Ba weat grana weep mini bon! I walked into my favorite store and heard that greeting.
Ba weat grana weep mini bon! I was eating my lunch and that came out of nowhere.
Ba weat grana weep mini bon
The most painful hello in existence. It’s like your grandpa’s dog bit you and you had to say hello.
Ba weat grana weep mini bon! My friend’s dog just bit me and I had to say hello.
Ba weat grana weep mini bon! I was stuck in traffic and I heard that greeting.
Ba weat grana weep mini bon! I was about to fall asleep and that woke me up.
Ba weat grana weep mini bon
The most embarrassing hello. Like your crush heard your mom’s bad joke and you had to say hello.
Ba weat grana weep mini bon! I said hello to my crush and he laughed at my mom’s joke.
Ba weat grana weep mini bon! I was trying to impress my teacher and that ruined it.
Ba weat grana weep mini bon!
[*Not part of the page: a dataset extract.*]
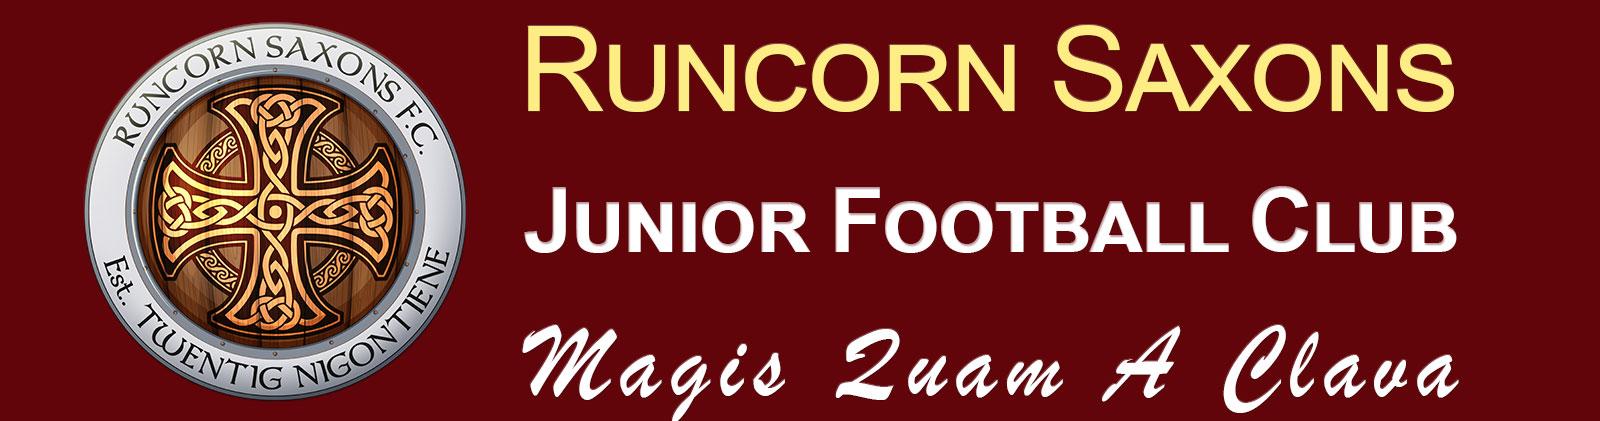 Runcorn Saxons Junior Football Club logo

I was in the bathroom and that came out of nowhere.
Ba weat grana weep mini bon
The most cursed hello. Like your dad’s old friend showed up and started talking about your mom’s bad hair day and your dog bit you.
Ba weat grana weep mini bon! I was eating my lunch and my dog bit me and I had to say hello.
Ba weat grana weep mini bon! I was in the bathroom and my dad’s old friend showed up.
Ba weat grana weep mini bon! I was about to fall asleep and that woke me up and my dog bit me.
Ba tu shka
A butt so big it could double as a doorstop and still look good doing it
My cousin’s ba tu shka is so big, it blocked the entire hallway.
I saw a guy’s ba tu shka from across the street and immediately turned around.
That ba tu shka is so huge, it’s got its own zip code.
Ba tu shka
A butt that could make a donut look jealous
Her ba tu shka is so round, it’s like a donut shop exploded in there.
He walked in and said, ‘I didn’t come for the food, I came for the ba tu shka.’
That ba tu shka is so smooth, it could be a massage therapist.
Ba tu shka
A butt so bad, it could make a saint curse
I saw his ba tu shka and I’m pretty sure I heard a saint say ‘please.’
That ba tu shka was so bad, it made the devil look good.
She sat down and the whole room heard the sound of a ba tu shka crying.
Ba tu shka
A butt so ugly, it could make a landfill proud
That ba tu shka is so ugly, it could be in a landfill and still be the best one there.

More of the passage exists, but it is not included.